I tried doing it using composite functions. If $g(x)= |x|$, then $g\circ f(x)= |f(x)|$. Since $g(x)$ and $g\circ f(x)$ are continuous, $f(x)$ is continuous.
I don't know if this is correct. Please help.
Let $f(x)=-1$ if $x$ is rational, and let $f(x)=1$ if $x$ is irrational.
Or else more modestly let $f(x)=-1$ if $x\lt 17$, and $f(x)=1$ for $x\ge 17$.
This is not always true. If $f(x)$ is a piecewise function such that
$f(x)=1$ for $x<a$ or $x=a$ and
$f(x)=-1$ for $x>a$
Then $|f(x)|$ is continuous at $a$ but $f(x)$ is not.
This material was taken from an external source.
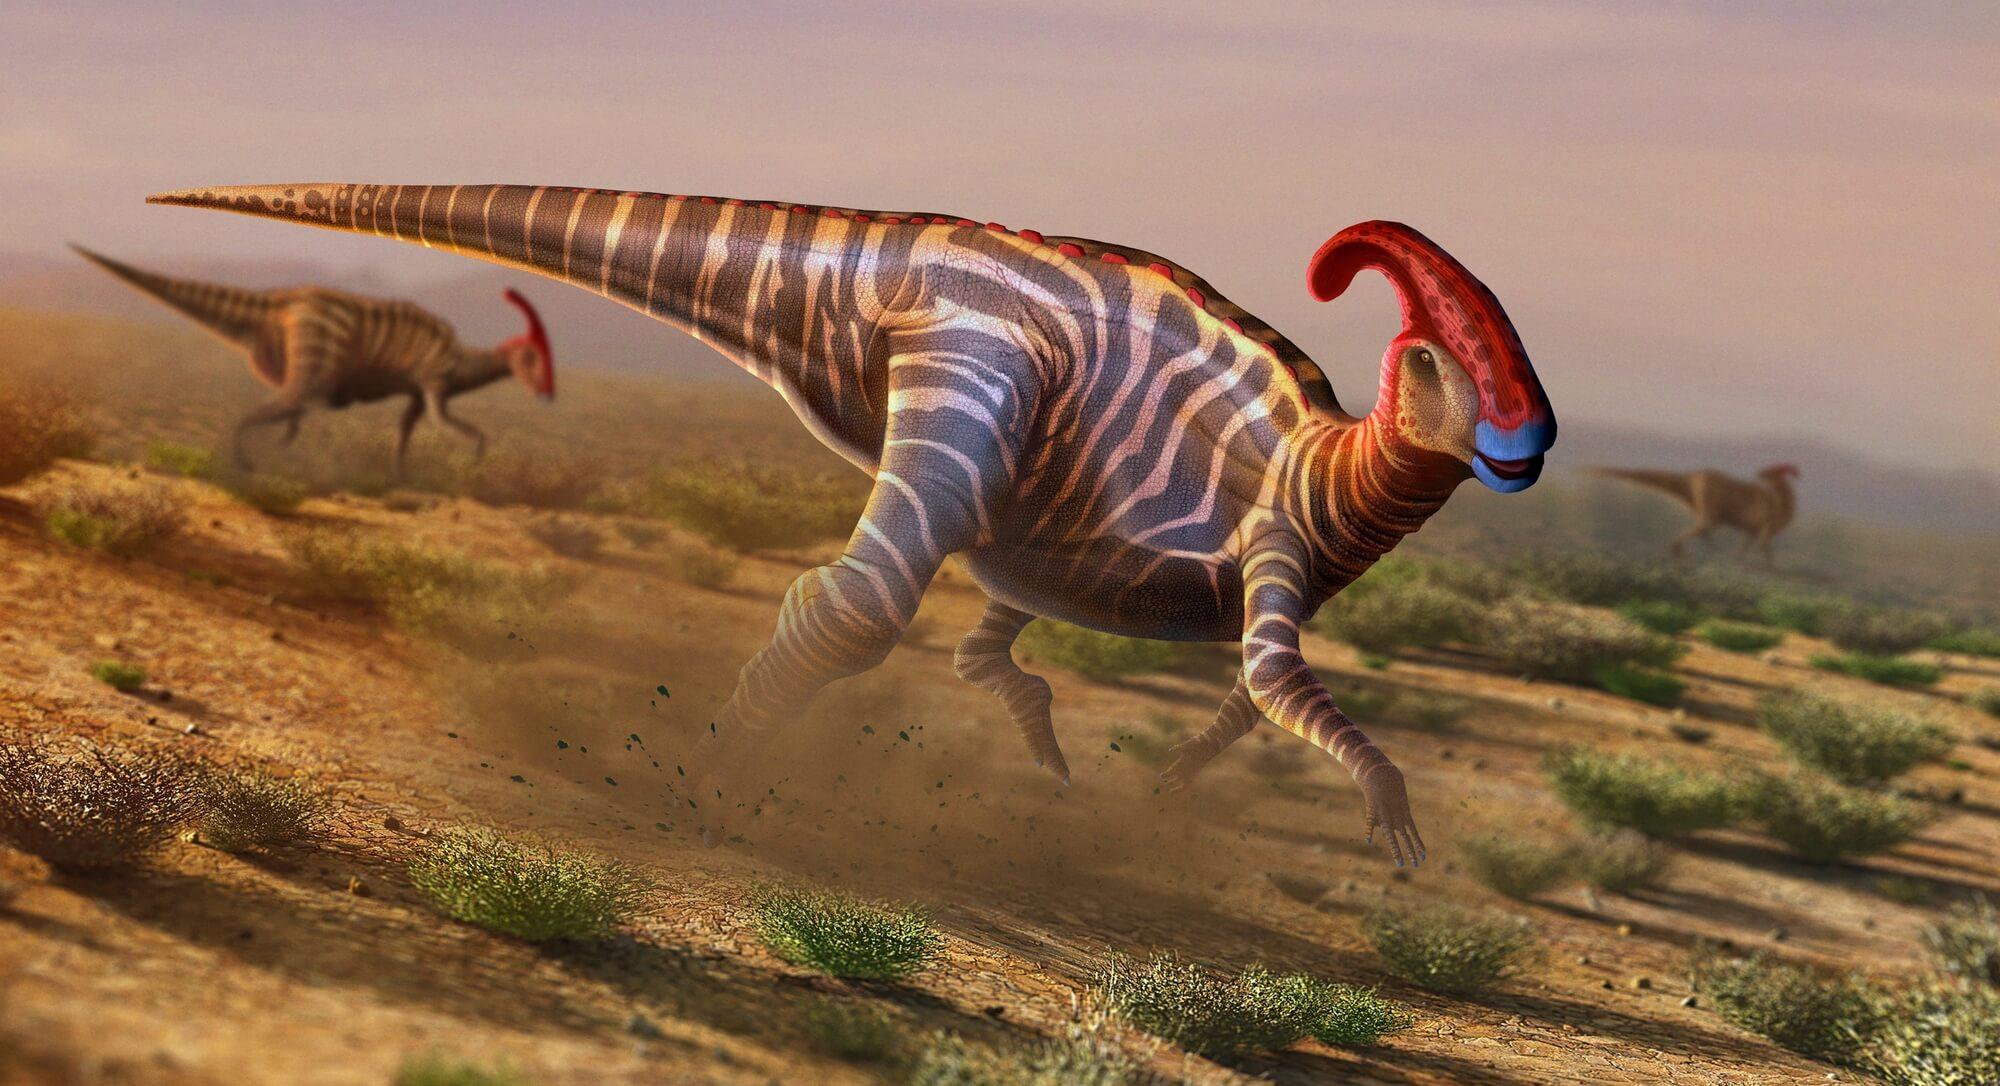 Parasaurolophus wall mural parasaurolophus wallpaper wallsauce parasaurolophus wall mural photo wallpaper amipublicfo Image collections

Maybe you are misunderstanding the logic behind it:
Let $g(x)$ be continuous, OK.
Now, saying
$g \circ f(x)$ is continous if $f(x)$ is continuous
doesn't imply that
$g \circ f(x)$ is not continuous if $f(x)$ is not continuous
Also, it's never true to say that $g \circ f(x)$ is continuous because $f(x)$ is continuous.
The single (and obvious) conclusion that we can take is that if $f(x)$ is continuous, then $g \circ f(x)$ certainly is continuous too. But if $f(x)$ is discontinuous, then $g \circ f(x)$ may be, or may be not.
So you can deduce nothing about $f(x)$ from the behaviour of $g \circ f(x)$.
In programming speak as I don't know how to express this in math speak:
f(x) = odd(x) ? x : -x;
Ed.: that would be
$$ f(x) = \begin{cases} x \quad \text{if $x$ is odd} \\ -x \quad \text{otherwise} \end{cases} $$